Gospel and Global Media Culture

Today I’m in class learning the value of communicating the gospel through global media.  This is an elective class I’m choosing as part of my graduate studies at Seattle University.  One of the interesting parts of communicating our faith through media is the different data bases or framing we all bring to our faith.  Everyone has their own view of faith and their perception of the gospel.

To me, the gospel is the story of Jesus Christ coming to this earth, living a sinless life, and giving his life for my sins.  This is the gospel.  What I’m learning is that when you bring 15 people in a room they will all have 15 different view of the gospel and how it relates to their life.
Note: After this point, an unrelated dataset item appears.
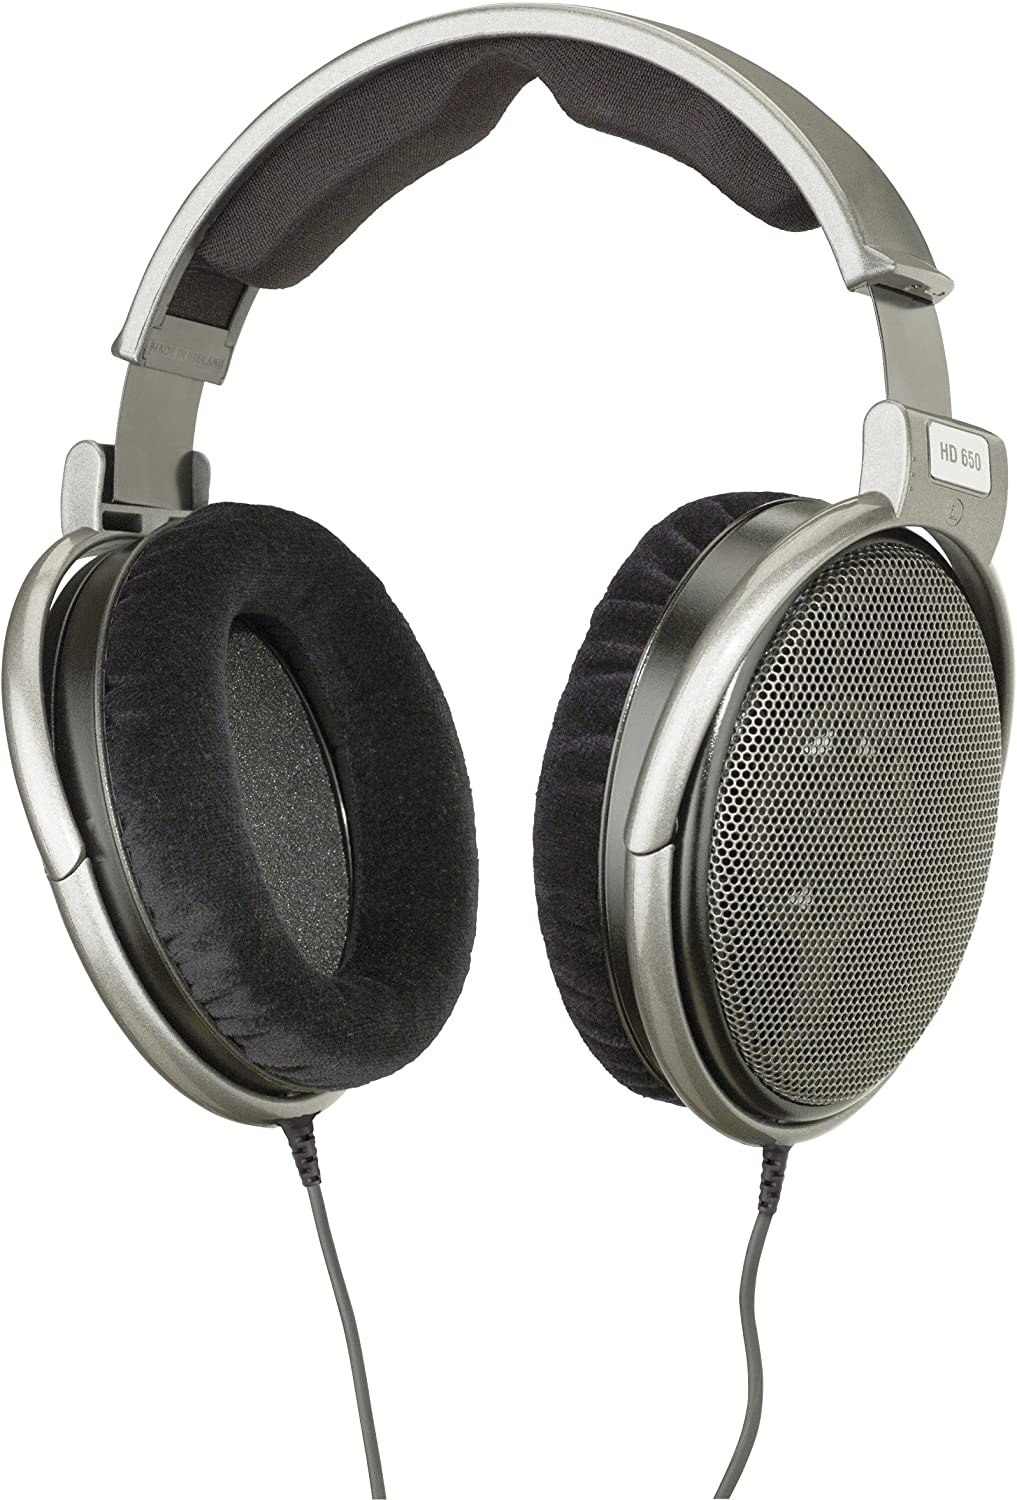 SENNHEISER HD 650 OPEN-BACK AUDIOPHILE AND REFERENCE HEADPHONES (HD650), SENNHEISER, HEADPHONE, sennheiser-headphone-hd650, ZOSO MUSIC SDN BHD

My responsibility is to share the gospel in a way that can be understood by the people I’m sharing with.  As shared by my class mate Kirimi (from Kenya).  In the African culture the missionaries would bring the gospel to the African people wrapped in their western culture.  Much like bringing a baby wrapped in a western blanket.  This caused the gospel to be received and learned through a western filter.  Yet, once the African people were able to remove the “western blanket” from the baby (gospel) they were able to understand it better.  This is how I’m able to embrace the values and differences people have regarding the gospel.  I still believe that the only way for us to connect with God is through a personal relationship with Jesus Christ.  Yet, I’m able to respect the beliefs of others which will help me understand where others are coming from.

This is an important value to understand when thinking of sharing the gospel in the global media culture.

3 responses to “Gospel and Global Media Culture

  1. I was surprised by the particular differences and similarities in our gospel discussion today. I, too, appreciate Kirimi’s African missionaries example to help me see the implications of presenting the gospel in my own view without listening to the recipient of my speech first. There is so much depth of meaning in both the words of the gospel and the life of other. I believe I cannot help but be changed by my encounter with each.

  2. Kirimi’s imagery caught my attention too…really an important cautionary metaphor. It occurs to me as well that many of us post-modern, post-colonial (mostly white) Americans can also miss a key outcome in a guilt-filled rush to condemn our past missteps: the Gospel took root in Africa and is now coming our way wrapped in kaftans, boubous and dashikis. I don’t agree with everything that is coming out of Africa, but isn’t it fascinating?

  3. Yes, I love the learning process in an ecumenical setting where we can be aware of different faith traditions and theologies. I do believe in revelation and God’s self-communication is present in all language and cultures. And yes, our relationship with God will depend in our personal relationship with Jesus and in how we live his message.